0aa. If so, use an array (either static or dynamically-allocated).
0ab. If not, can you change your data layout or processing strategy so that pointing to and/or iterating over elements would be all you're doing?
0aba. If so, do that and goto 0aa.
0abb. If not, goto 1.
0b. If not, is all you're doing inserting-to/erasing-from the back of the container and pointing to elements and/or iterating?
0ba. If so, do you know the largest possible maximum capacity you will ever have for this container, and is the lowest possible maximum capacity not too far away from that?
0baa. If so, use vector and reserve() the highest possible maximum capacity.
0bab. If not, use a vector and reserve() either the lowest possible, or most common, maximum capacity.
0bb. If not, can you change your data layout or processing strategy so that back insertion/erasure and pointing to elements and/or iterating would be all you're doing?
0bba. If so, do that and goto 0ba.
0bbb. If not, goto 1.
1. Is the use of the container stack-like, queue-like or ring-like?
1a. If stack-like, use plf::stack, if queue-like, use plf::queue (both are faster than the std:: equivalent adaptors, have stable pointers to elements and are configurable in terms of memory block sizes).
If ring-like, use orring_span <https://github.com/WG21-SG14/SG14/blob/master/SG14/ring.h> orring_span lite <https://github.com/martinmoene/ring-span-lite>.
1b. If not, goto 2.
2. Does each element need to be accessible via an identifier ie. key? ie. is the data associative.
2a. If so, is the number of elements small and the type sizeof not large?
2aa. If so, is the value of an element also the key?
2aaa. If so, just make an array or vector of elements, and sequentially-scan to lookup elements. Benchmark vs absl:: sets below.
2aab. If not, make a vector or array of key/element structs, and sequentially-scan to lookup elements based on the key. Benchmark vs absl:: maps below.
2ab. If not, do the elements need to have an order?
2aba. If so, is the value of the element also the key?
2abaa. If so, can multiple keys have the same value?
2abaaa. If so, use absl::btree_multiset.
2abaab. If not, use absl::btree_set.
2abab. If not, can multiple keys have the same value?
2ababa. If so, use absl::btree_multimap.
2ababb. If not, use absl::btree_map.
2abb. If no order needed, is the value of the element also the key?
2abba. If so, can multiple keys have the same value?
2abbaa. If so, use std::unordered_multiset or absl::btree_multiset.
2abbab. If not, is pointer stability to elements necessary?
2abbaba. If so, use absl::node_hash_set.
2abbabb. If not, use absl::flat_hash_set.
2abbb. If not, can multiple keys have the same value?
2abbba. If so, use std::unordered_multimap or absl::btree_multimap.
2abbbb. If not, is on-the-fly insertion and erasure common in your use case, as opposed to mostly lookups?
2abbbba. If so, userobin-map <https://github.com/Tessil/robin-map>.

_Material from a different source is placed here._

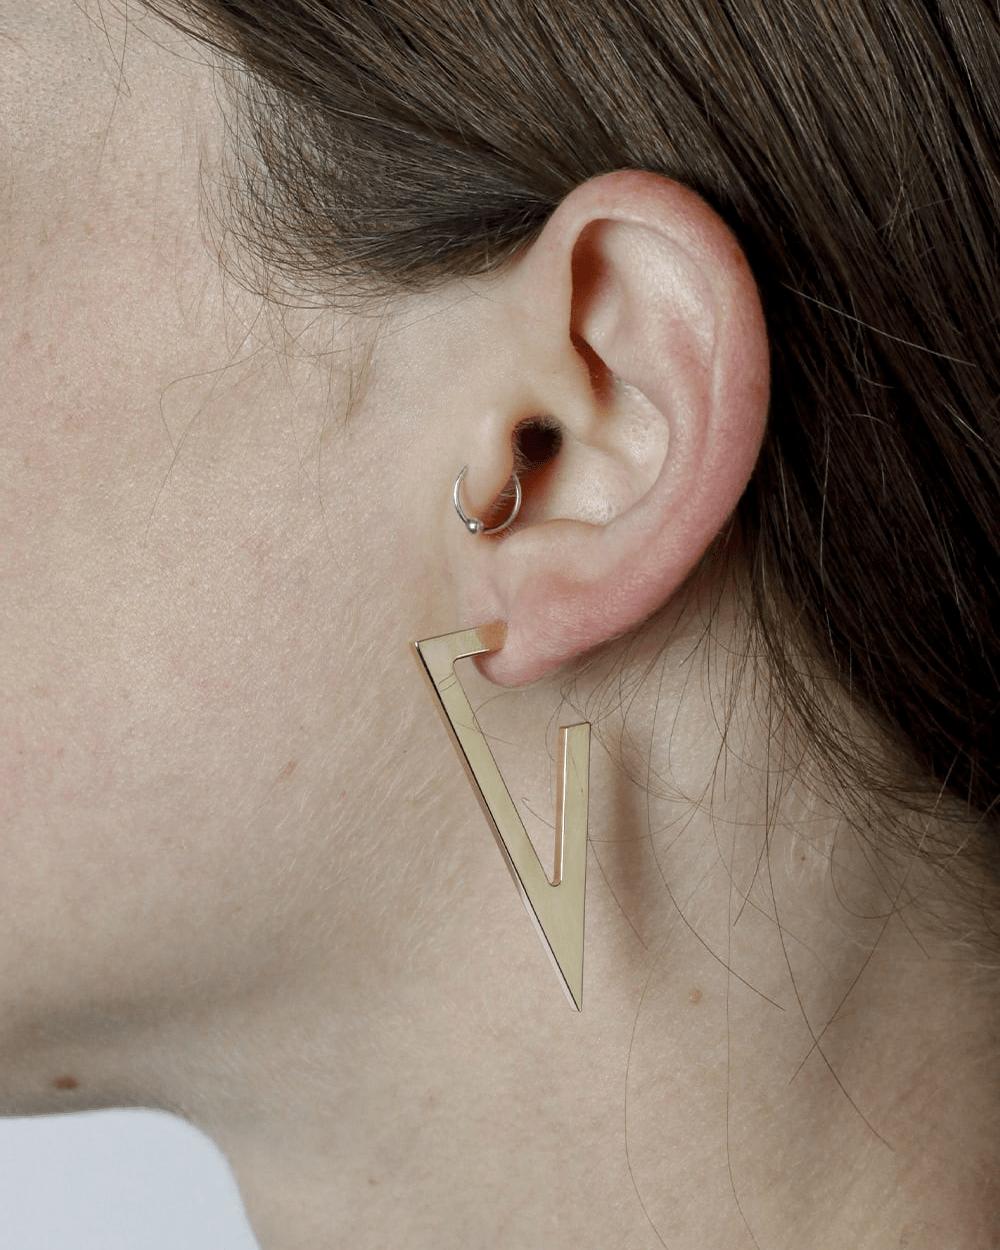 Earrings YELLOW GOLD TRIANGULAR PLATE BIG EARRINGS NOVE25

2abbbbb. If not, is pointer stability to elements necessary?
2abbbbba. If so, use absl::flat_hash_map<Key, std::unique_ptr<Value>>. Use absl::node_hash_map if pointer stability to keys is also necessary.
2abbbbbb. If not, use absl::flat_hash_map.
2b. If not, goto 3.
Note: if iteration over the associative container is frequent rather than rare, try the std:: equivalents to the absl:: containers ortsl::sparse_map <https://github.com/Tessil>.
Also take a look atthis page of benchmark conclusions <https://martin.ankerl.com/2019/04/01/hashmap-benchmarks-05-conclusion/> for more definitive comparisons across more use-cases and hash map implementations.
3. Are stable pointers/iterators/references to elements which remain valid after non-back insertion/erasure required, and/or is there a need to sort non-movable/copyable elements?
3a. If so, is the order of elements important and/or is there a need to sort non-movable/copyable elements?
3aa. If so, will this container often be accessed and modified by multiple threads simultaneously?
3aaa. If so, use forward_list (for its lowered side-effects when erasing and inserting).
3aab. If not, do you require range-based splicing between two or more containers (as opposed to splicing of entire containers)?
3aaba. If so, use std::list.
3aabb. If not, use plf::list.
3ab. If not, use hive.
3b. If not, goto 4.
4. Is the order of elements important?
4a. If so, are you almost entirely inserting/erasing to/from the back of the container?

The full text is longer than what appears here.